Um weiter herauszuarbeiten, wie diese drei Schlüsselmerkmale der Quantentheorie den grundlegenden mechanistischen Annahmen widersprechen, wollen wir zuerst die Tatsache betrachten, dass alle Bewegung und Wechselwirkung in einzelnen unteilbaren Quanten abläuft. Dies bedeutet, dass alle Teile des Universums durch unteilbare Glieder miteinander verbunden sind, so dass es letztlich unmöglich ist, die Welt in unabhängig voneinander existierende Teile aufzuspalten (im Prinzip erstreckt sich dies sogar auf den Beobachter und das Beobachtete). Weiterhin hängt die wesentliche Beschaffenheit eines jeden Teils (Welle oder Teilchen) ganz und gar von diesem Netz unteilbarer Quantenglieder ab, worin es seinen Wirkungszusammenhang findet. Und da sich schließlich die unteilbare Allverbundenheit sogar in entfernte Bereiche des Raums erstrecken kann, so folgt daraus, daß selbst das Wesen eines jeden Teils in nachhaltiger Weise vom Geschehen an durchaus weit von ihm entfernten Orten abhängen kann.

Natürlich tritt dies alles im allgemeinen nur bei höchst verfeinerten Beobachtungsverfahren zutage. Bei gewöhnlicher Feineinstellung (einschließlich der klassischen oder Newtonschen Physik) werden geläufige mechanistische Vorstellungen gute Näherungswerte erbringen. So können wir verstehen, warum das mechanistische Programm über Hunderte von Jahren (d.h. bis die Beobachtungen hinreichend verfeinert waren, um das fundamentalere, nichtmechanische Gefüge zu enthüllen) leidlich gute Dienste tat. Wenn wir jedoch tiefer gehen wollen und vor allem, wenn wir das Wesen des Universums von Grund auf verstehen wollen, so müssen wir zur Kenntnis nehmen, daß uns dies über die Grenzen dessen hinausführt, was das mechanistische Programm zu leisten vermag. Denn die Meinung, man könne die Welt in Form von unabhängig voneinander existierenden Elementen analysieren, die in ihrer Wesensart einander äußerlich (external) sind, hat Schiffbruch erlitten.

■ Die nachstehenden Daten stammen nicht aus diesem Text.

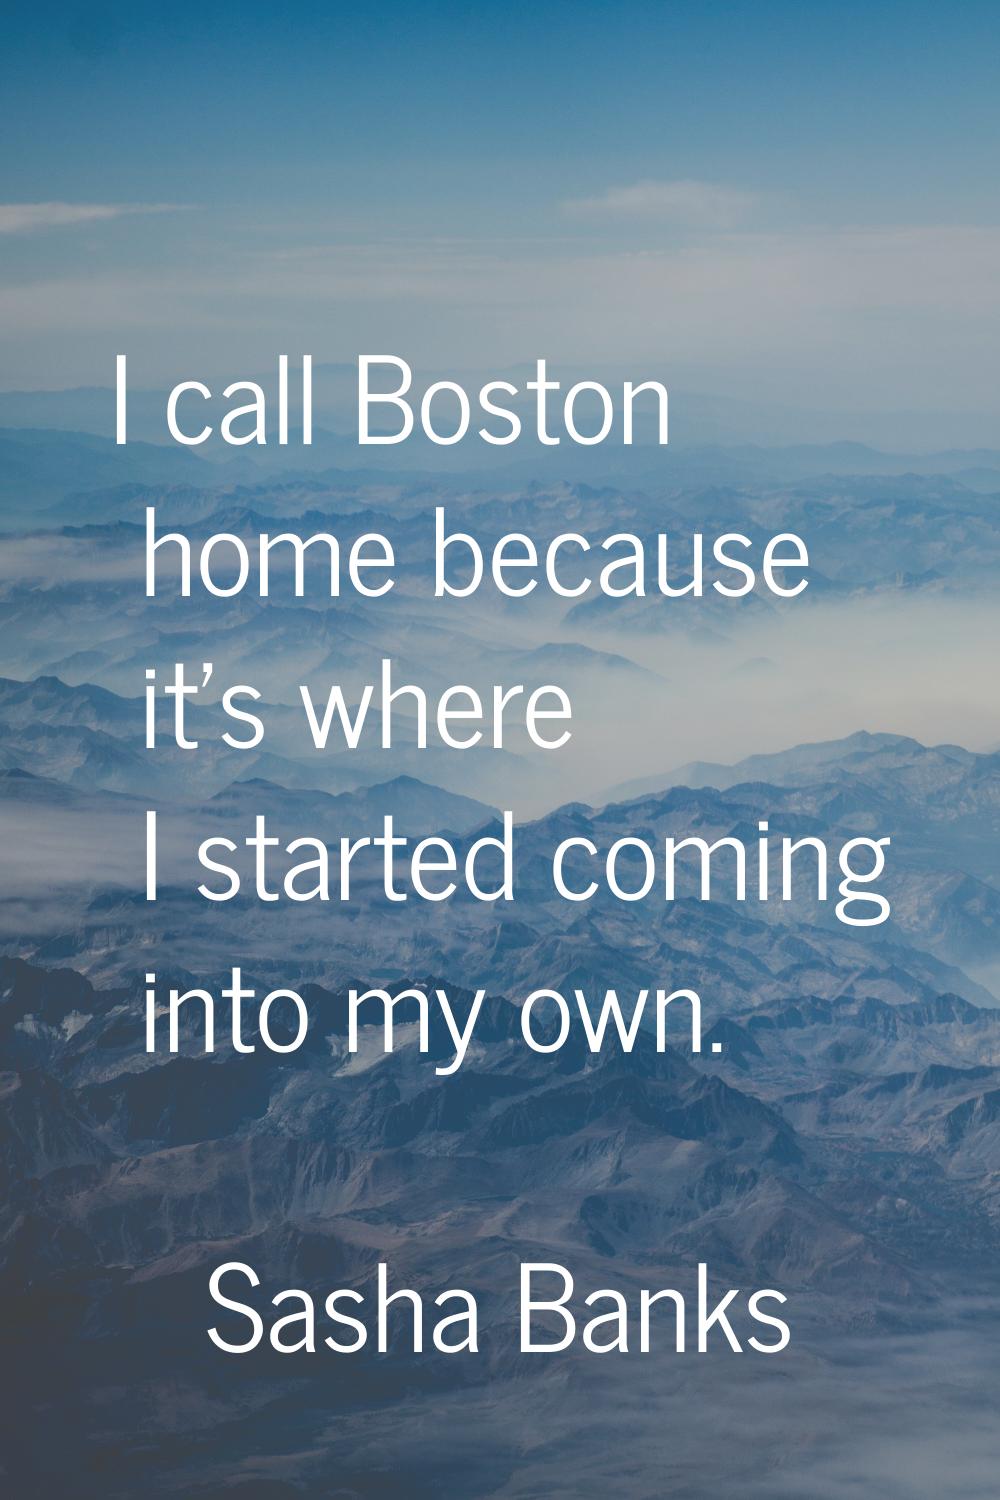 I call Boston home because it's where I started coming into my own.

Es muss hier hinzugefügt werden, dass die Quantentheorie einen weiteren wohlbekannten Grundsatz der klassischen Physik bestreitet, nämlich ihren völligen Determinismus. Zu seiner Veranschaulichung dient gewöhnlich Laplaces Idee eines Dämons, der die Ausgangsposition und Geschwindigkeit aller das Universum bildenden Teilchen wüßte. Zöge er nun Newtons Bewegungsgesetze zu Rate, so könnte ein solcher Dämon im Prinzip das Verhalten dieser Teilchen für alle Zeit berechnen und könnte demnach sowohl die ganze Vergangenheit als auch die ganze Zukunft des gesamten Universums kennen.

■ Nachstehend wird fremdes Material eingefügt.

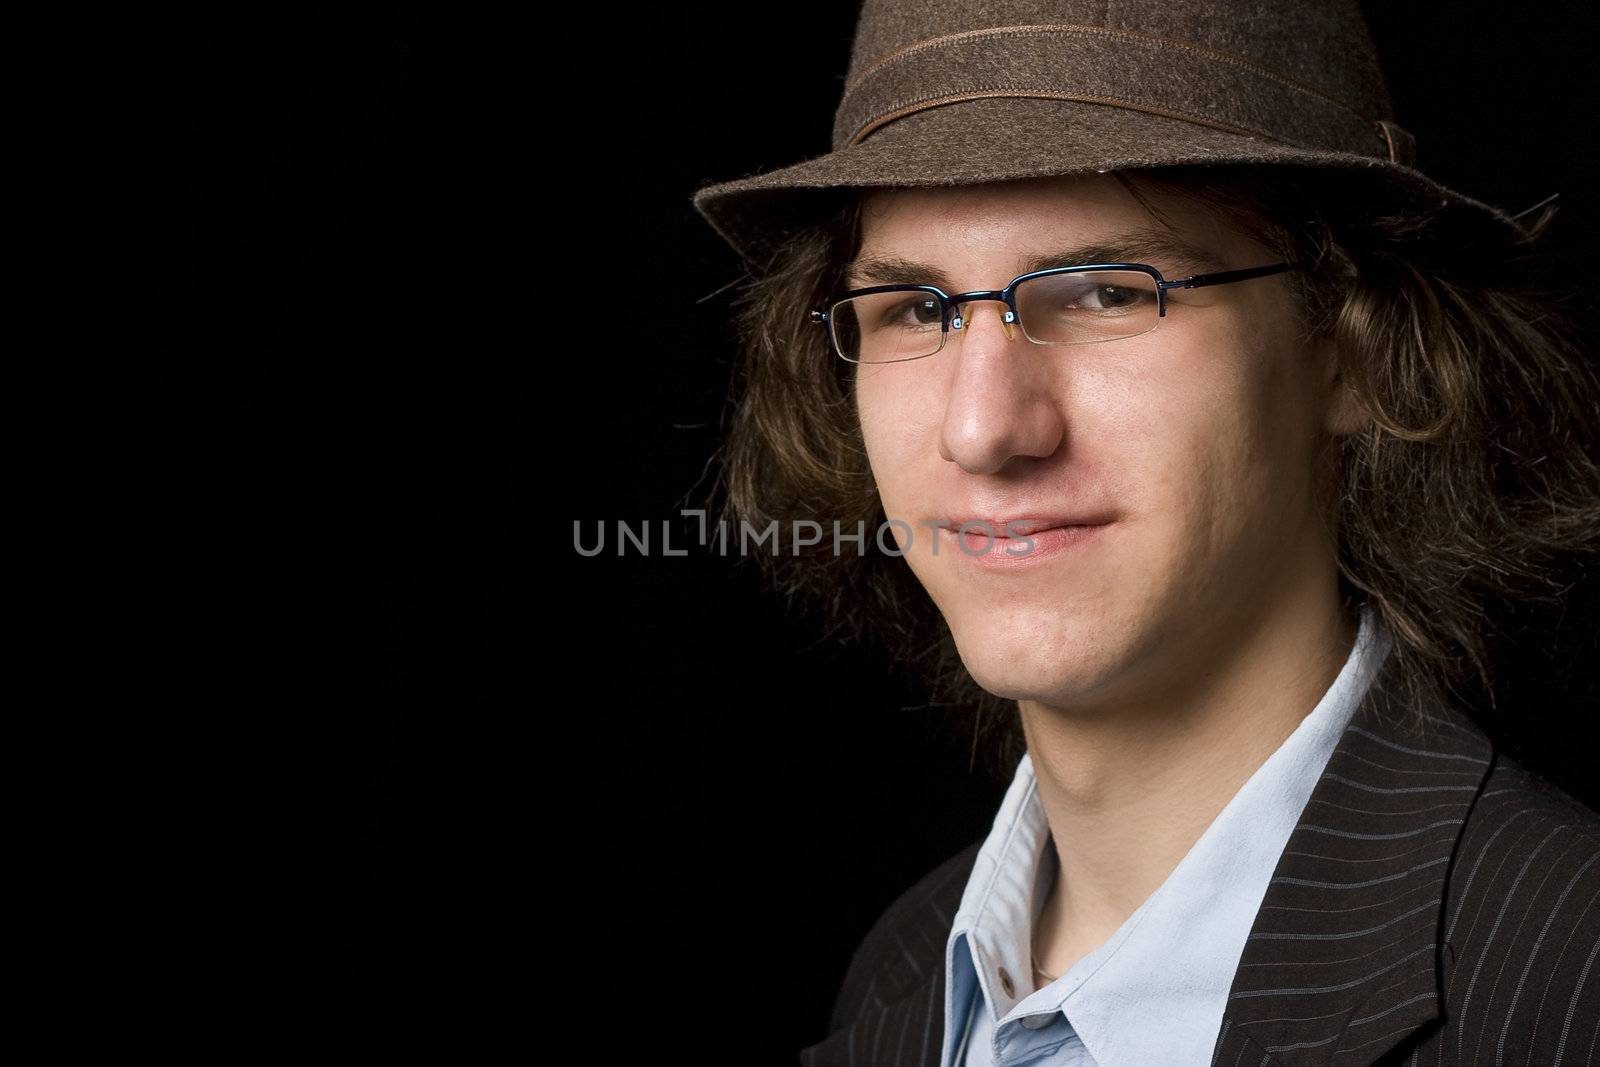 Male teenager with a hat

Die Gesetze der Quantentheorie würden jedoch eine solche Berechnung nicht zulassen, weil sie statistische sind, d. h., sie geben nur Wahrscheinlichkeiten an, nach denen sich dies oder jenes zutragen wird, aber sie bestimmen nicht im einzelnen, was tatsächlich in jedem Fall geschehen wird. Daher sind die Quantengesetze nicht deterministisch, obwohl innerhalb der Grenzen einer Anordnung, die groß genug ist, um sich noch mit normalen Mitteln beobachten zu lassen, derart viele einzelne Schritte notwendig sind, dass die Vorhersage von Wahrscheinlichkeitsgesetzen nahezu deterministisch wird (wie auch Versicherungsstatistiken dazu benutzt werden können, um einigermaßen genau den Prozentsatz der Menschen in einer großen Gruppe vorherzusagen, die auf diese oder jene Weise ums Leben kommen werden, obwohl sich damit nichts darüber aussagen lasst, was genau jedem einzelnen zustoßen wird).

Es muss jedoch betont werden, dass die Frage Determinismus oder Indeterminismus nur geringe, wenn nicht gar keine Beziehung zu der Frage Mechanismus oder Nicht-Mechanismus aufweist. Denn es ist der Angelpunkt des Mechanismus, dass er eine Anzahl von Grundelementen zur Verfügung haben muss, die einander äußerlich (external) und äußerlich miteinander verbunden sind, wie schon zuvor beschrieben. Ob diese Elemente dann deterministischen oder statistischen Gesetzen gehorchen, berührt nicht die Frage nach der mechanischen Natur der Grundbausteine (so sind z. B. ein Flipperautomat oder ein Rouletteteller, die nach den »Zufallsgesetzen« funktionieren, nicht weniger mechanisch als eine Maschine, deren Verhalten gänzlich bekannt und vorhersagbar ist).
 

5 Bruchlose Ganzheit – eine nicht-mechanistische Sichtweise im Einklang mit der Relativitäts- und der Quantentheorie

Wir wollen uns nun der Frage zuwenden, wie die Quantentheorie und die Relativitätstheorie im Hinblick auf die mechanistische Weltanschauung zueinander stehen. Diese Frage ist nicht leicht zu behandeln, denn es scheint nicht möglich zu sein, die physikalischen Grundbegriffe der beiden Theorien schlüssig aufeinander zu beziehen. Denn die Relativitätstheorie verlangt strikte Kontinuität, strikten Determinismus und strikte Ortsgebundenheit bei der Formulierung ihrer Gesetze, wohingegen die Quantentheorie dabei Diskontinuität, Indeterminismus und Nicht-Ortsgebundenheit verlangt. Daher scheinen sie in absolutem Widerspruch zueinander zu stehen. Und in der Tat sind diese beiden Komplexe von physikalischen Begriffen innerhalb des gegenwärtigen allgemeinen Bezugsrahmens dieser beiden Theorien bisher noch nie schlüssig in einer vereinten Theorie zusammengebracht worden.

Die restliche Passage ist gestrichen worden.